Fifteen million bucks, parceled out over the 40-year useful life of the project, is not exactly a Megabucks ratepayer jackpot. But if the project is ever built, and this particular money stream is turned on, we will use it to subsidize non-transmission alternatives – specific experiments with things like microgrids, batteries, small-scale renewable generation and demand reduction that will avoid the need to build more transmission lines.

The logic behind the $15 million fund is pretty interesting.

Traditionally, transmission projects in New Hampshire get their routes via eminent domain. The utility decides where it wants the line to go, gets regulatory approval, and is then able to seize the land upon paying the constitutionally required just compensation. But the Legislature has specifically withheld eminent domain authority from Northern Pass.

Northern Pass thus confronted the daunting and expensive task of persuading landowners to agree to hosting a new transmission line. And who better to persuade than Public Service Company of New Hampshire (now doing business as Eversource New Hampshire) – a sister company that happens to own an existing transmission corridor that slices north-to-south through the Granite State?

So, Northern Pass and PSNH signed a lease and, voila! Fully 100 miles of the 192-mile route of Northern Pass were locked up.

But here’s the thing. PSNH has for years been recovering the cost of owning the transmission corridor through transmission rates paid by customers. So ratepayers are entitled to the benefits of PSNH leasing space in its transmission corridor to a merchant transmission project like Northern Pass – a project whose purpose is to benefit Hydro-Quebec in its effort to sell energy in southern New England.

Enter the appraisers – people who figure out, for a living, what the fair market value of real estate interests, including easements, truly is.

Estimates varied

PSNH’s appraiser said the lease is worth just under $800,000 a year. Our director of finance, admittedly not an appraiser by training, looked into similar leases in other states and concluded the right number is really $4.1 million.
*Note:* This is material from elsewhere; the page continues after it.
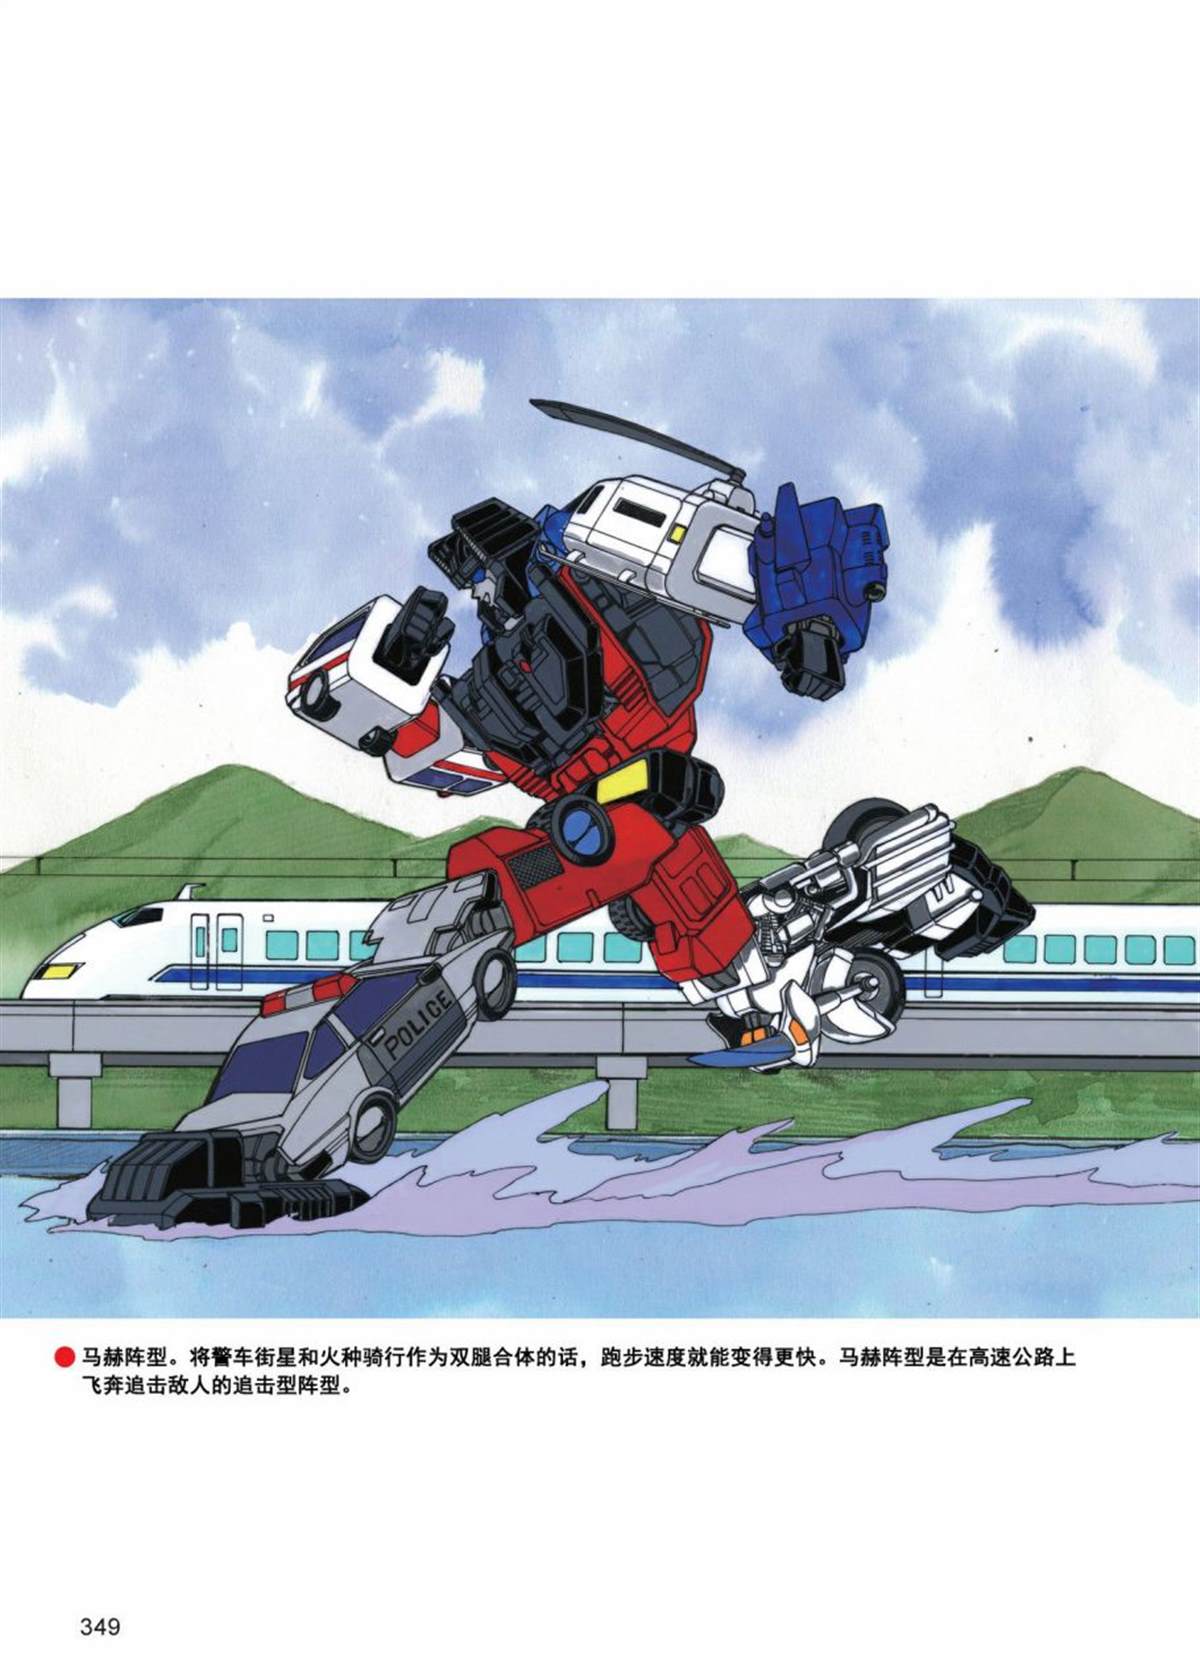 變形金剛日版G1雜誌插畫 - 《戰鬥吧！超機械生命體變形金剛：合體大作戰》 - 4

To our astonishment, the appraiser hired by the PUC concluded that Northern Pass had agreed to pay TOO MUCH for the lease. His annual figure was a paltry $120,000. It turns out the PUC managed to hire the one appraiser who has built a niche for himself by going around the country arguing that transmission corridors are drastically over-valued. Go figure.

This looked like a pretty grim bit of administrative litigation from a ratepayer perspective until we focused on the fact that PSNH’s transmission facilities are paid for through regional transmission rates – i.e., rates paid by all New England customers. New Hampshire uses less than 10 percent of New England’s electricity, so New Hampshire’s share of the lease payments would likewise be less than 10 percent.

We did the math. If our director of finance is right and the lease is really worth $4.1 million a year, the share for New Hampshire customers is $410,000. Multiply that by 40 years and you get $16.4 million. We got most of that via our settlement, thanks to the $15 million fund plus lease payments that will fall halfway between the results adopted by the two rival appraisers.

This was admittedly only a small ratepayer victory, especially when you consider the time value of money. (Fifteen million dollars parceled out over 40 years is actually much less than $15 million paid today, as savvy seekers of the Megabucks jackpot know.)

But it is a victory nonetheless, as we will argue when the lease comes before the PUC for a hearing on November 28.

At that PUC hearing, we won’t be arguing that Northern Pass should be built. That’s for the Site Evaluation Committee (SEC ) to decide, and we don’t pretend that this small ratepayer victory tips the scale when considering all of the aesthetic, economic and physical impacts the SEC must evaluate.
Still, I like to think that Alfred Kahn, whose 100th birthday was a few weeks ago, would approve of our deal.